CS253 Extensible Not Mutable

Extensible, not mutable

• C++ is extensible, not mutable.
• extensible: you can extend the language. You can add functionality.
• mutable: you cannot change the language. 2+2 will always be 4.

Extending

int main() {
    string name = "Jack";
    cout << name + 36782;
}

c.cc:3: error: no match for 'operator+' in 'name + 36782' (operand types are 
   'std::__cxx11::string' {aka 'std::__cxx11::basic_string<char>'} and 'int')

That failed, because you can’t use + on a std::string and an int.

Extending

string operator+(const string &s, int n) {
    return s + to_string(n);
}

int main() {
    string name = "Jack";
    cout << name + 21825;
}

Jack21825

Hooray! C++ is extensible! I extended the language to include string + int.

More Extending

class Foo {
  public:
    Foo(int value) : n(value) { }
    int n;
};

int main() {
    Foo f(42);
    cout << "The foo is " << f << '\n';
}

c.cc:9: error: no match for 'operator<<' in 'std::operator<< 
   <std::char_traits<char> >(std::cout, ((const char*)"The foo is ")) << f' 
   (operand types are 'std::basic_ostream<char>' and 'Foo')

Of course, that failed. << has no idea what to do with an ostream (output stream) and a Foo.

More Extending

class Foo {
  public:
    Foo(int value) : n(value) { }
    int get() const { return n; }
  private:
    int n;
};
ostream & operator<<(ostream &os, const Foo &f) {
    os << f.get();
    return os;
}

int main() {
    Foo f(42);
    cout << "The foo is " << f << '\n';
}

The foo is 42

Hooray! I extended the language to include ostream + Foo. Why the return os in operator<<?

More Extending

class Foo {
  public:
    Foo(int value) : n(value) { }
    int get() const { return n; }
  private:
    int n;
};
ostream & operator<<(ostream &os, const Foo &f) {
    return os << f.get();
}

int main() {
    Foo f(42);
    cout << "The foo is " << f << '\n';
}

The foo is 42

operator<< can simply return the result of <<. Why is operator<< not a method of Foo?

How operators work

• For an operator to be a method of class Foo, it must take a Foo as its left-hand argument.
• It would only take a single explicit argument—the other, implicit, left-hand argument would be *this, the current object.
• In the case of cout << f, the left-hand argument is an ostream.
• You can’t add methods to class ostream.
  • It’s not yours.
  • That class is finished.
• Therefore, in this case, operator<< is not a method; it is, instead, a free function.

Mutation

Consider this surprising result:

int main() {
    char now[] = "21:40:57";
    cout << now+3 << '\n';
}

40:57

• now is an array of char.
• An array name (now) is the same as a pointer to the first element, or a char *.
• Adding 3 to a pointer moves it forward three items.

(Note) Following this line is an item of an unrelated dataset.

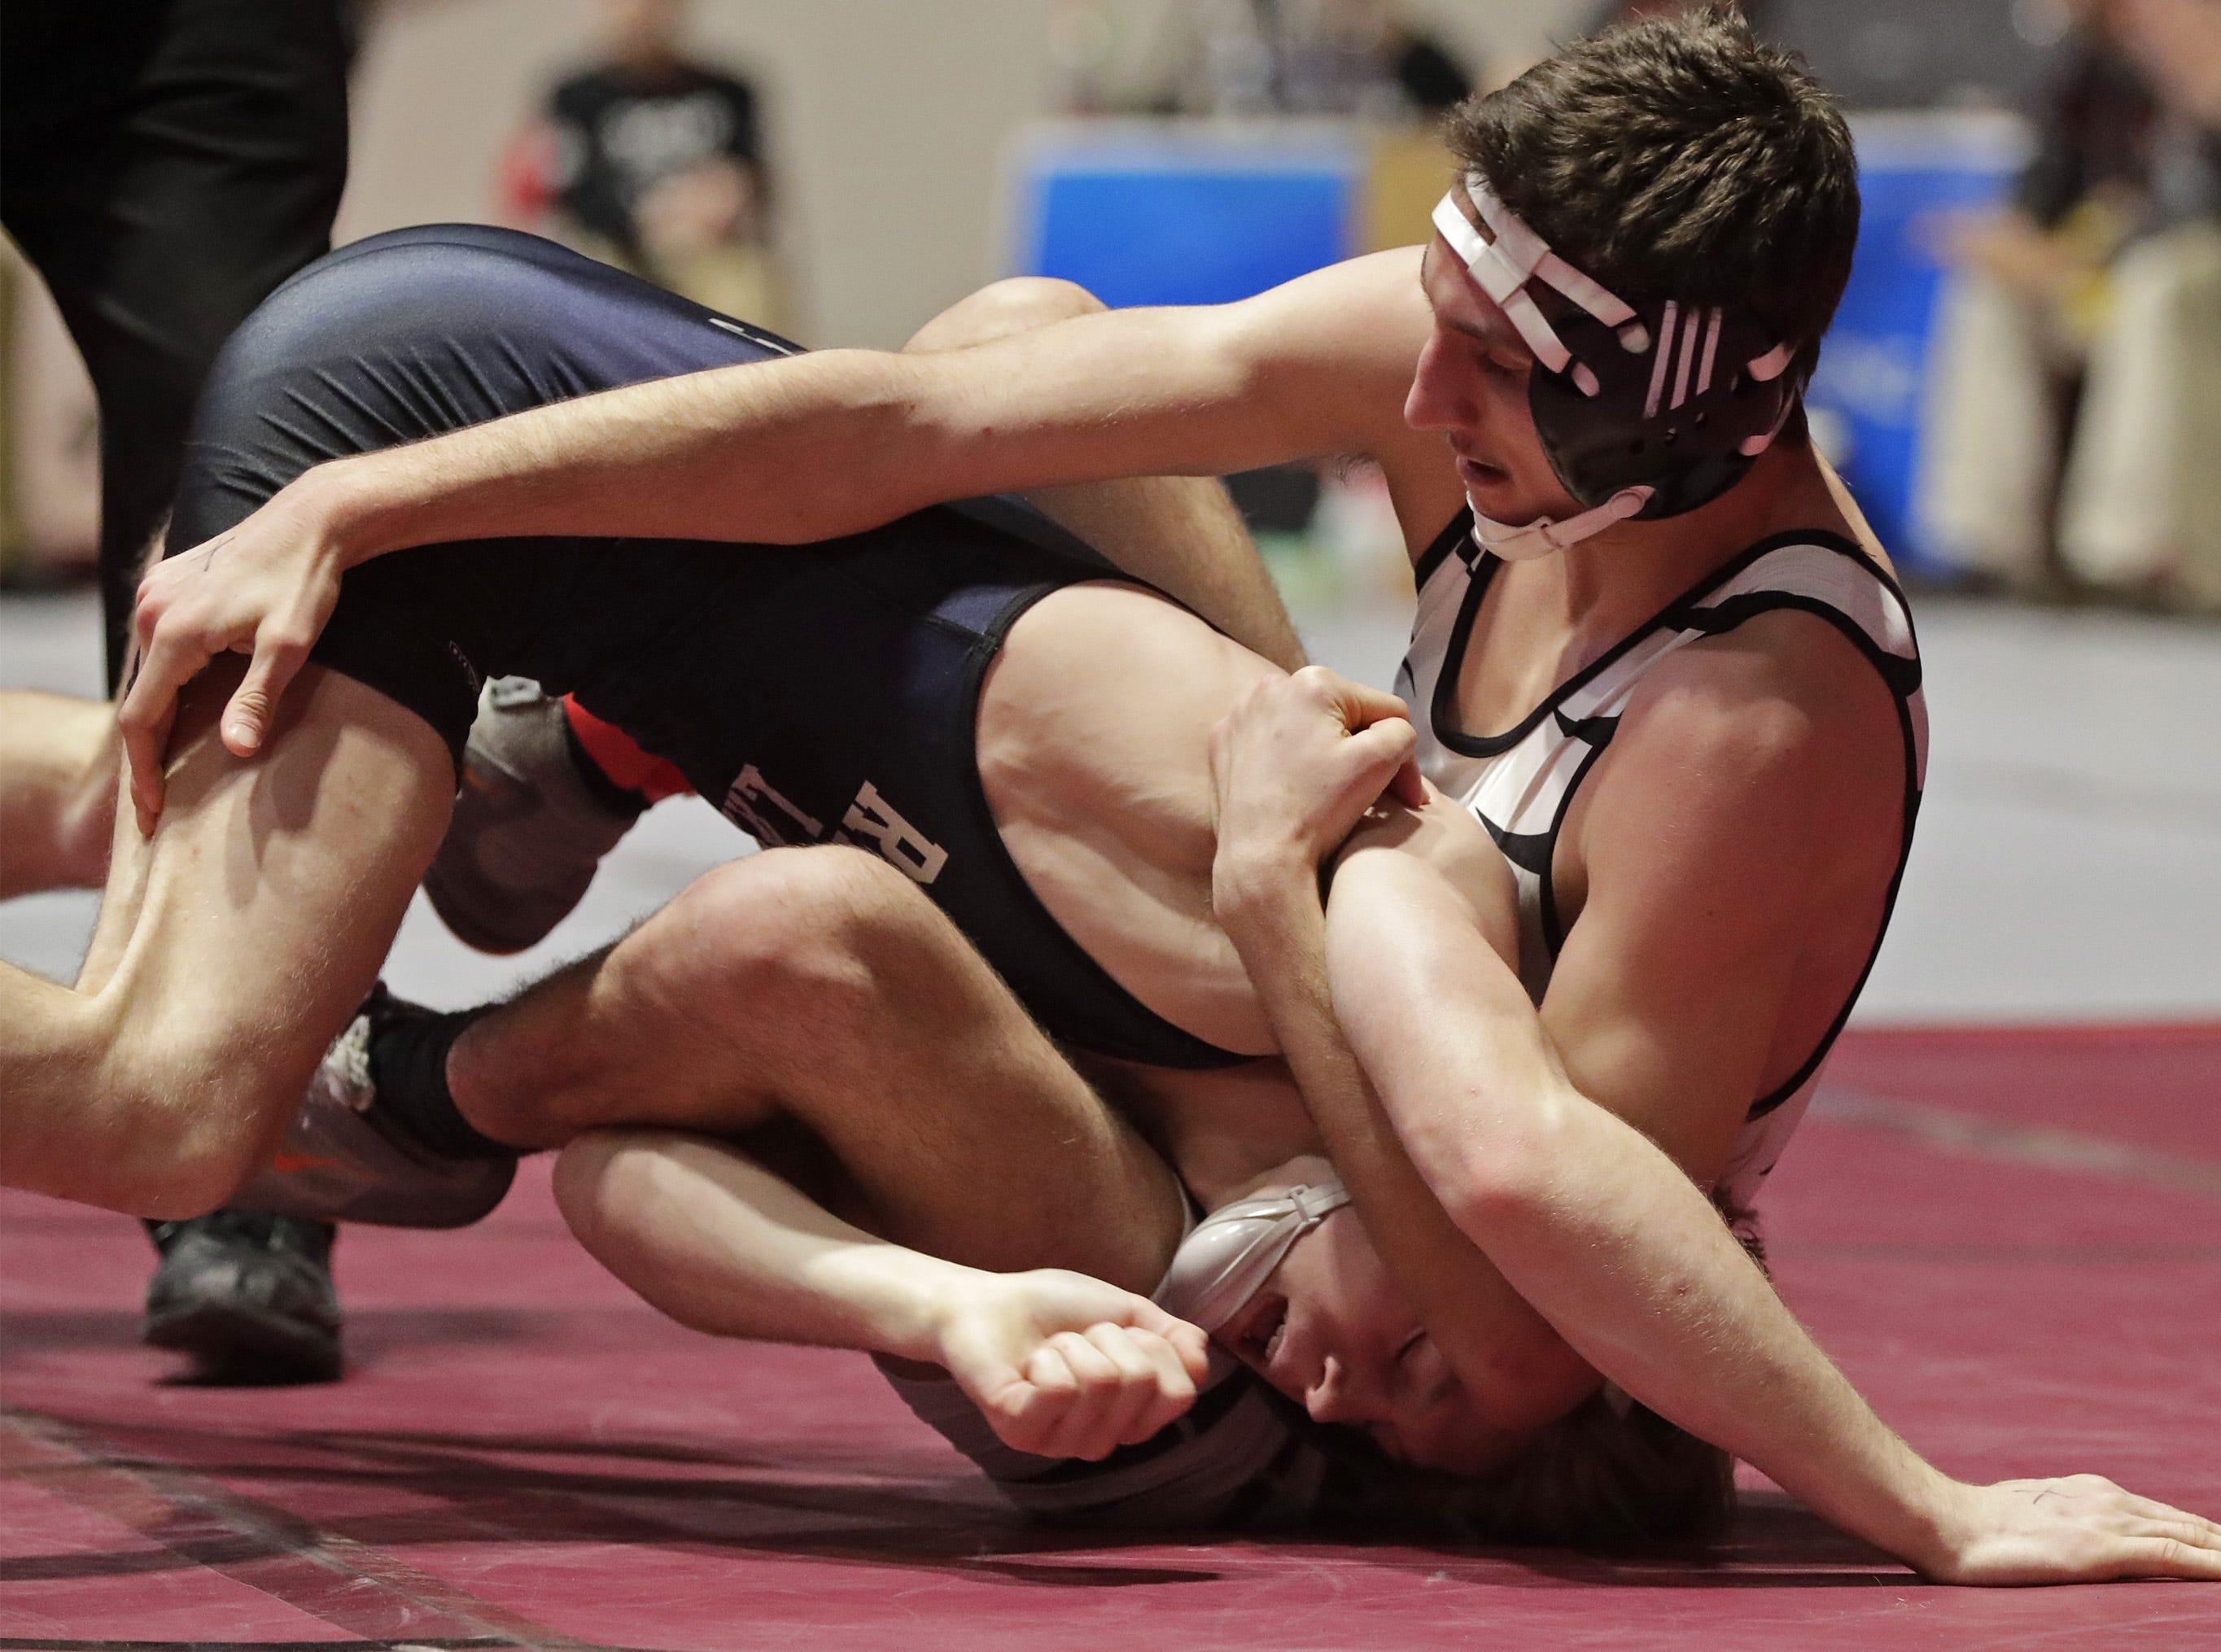 Stratford's Oscar Telschow, right, wrestles Random Lake's Aiden Vandenbush in a 152-pound match, Saturday, March 2, 2019, in Madison, Wis.
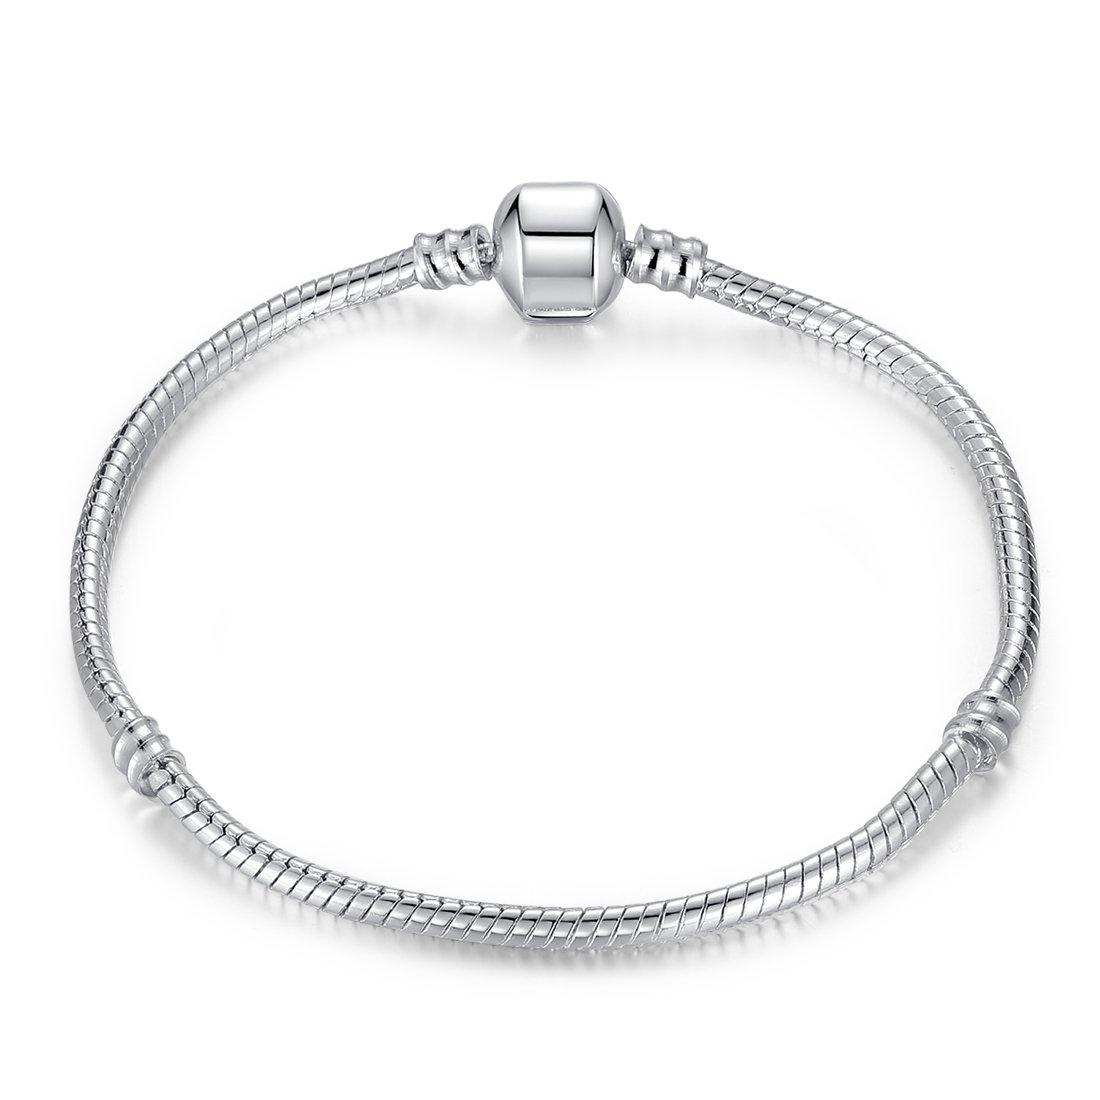 Presentski Fashion Silver Plated Snake Chain For Charm Bracelet B01N13M15G_US

I don’t like this. I want it to simply append a "3" to the string. Let’s redefine it!

Futility

string operator+(char *p, int n) {
    return p + to_string(n);
}

int main() {
    char now[] = "21:40:57";
    cout << now+3 << '\n';
}

c.cc:1: error: ‘std::string operator+(char*, int)’ must have an argument of 
   class or enumerated type

That failed. I can’t mutate the language. char * + int is already defined, and I can’t change it.

Besides, at least one of the arguments has to be a non-built-in type. It wouldn’t work if I tried to define operator%(char *p, int n)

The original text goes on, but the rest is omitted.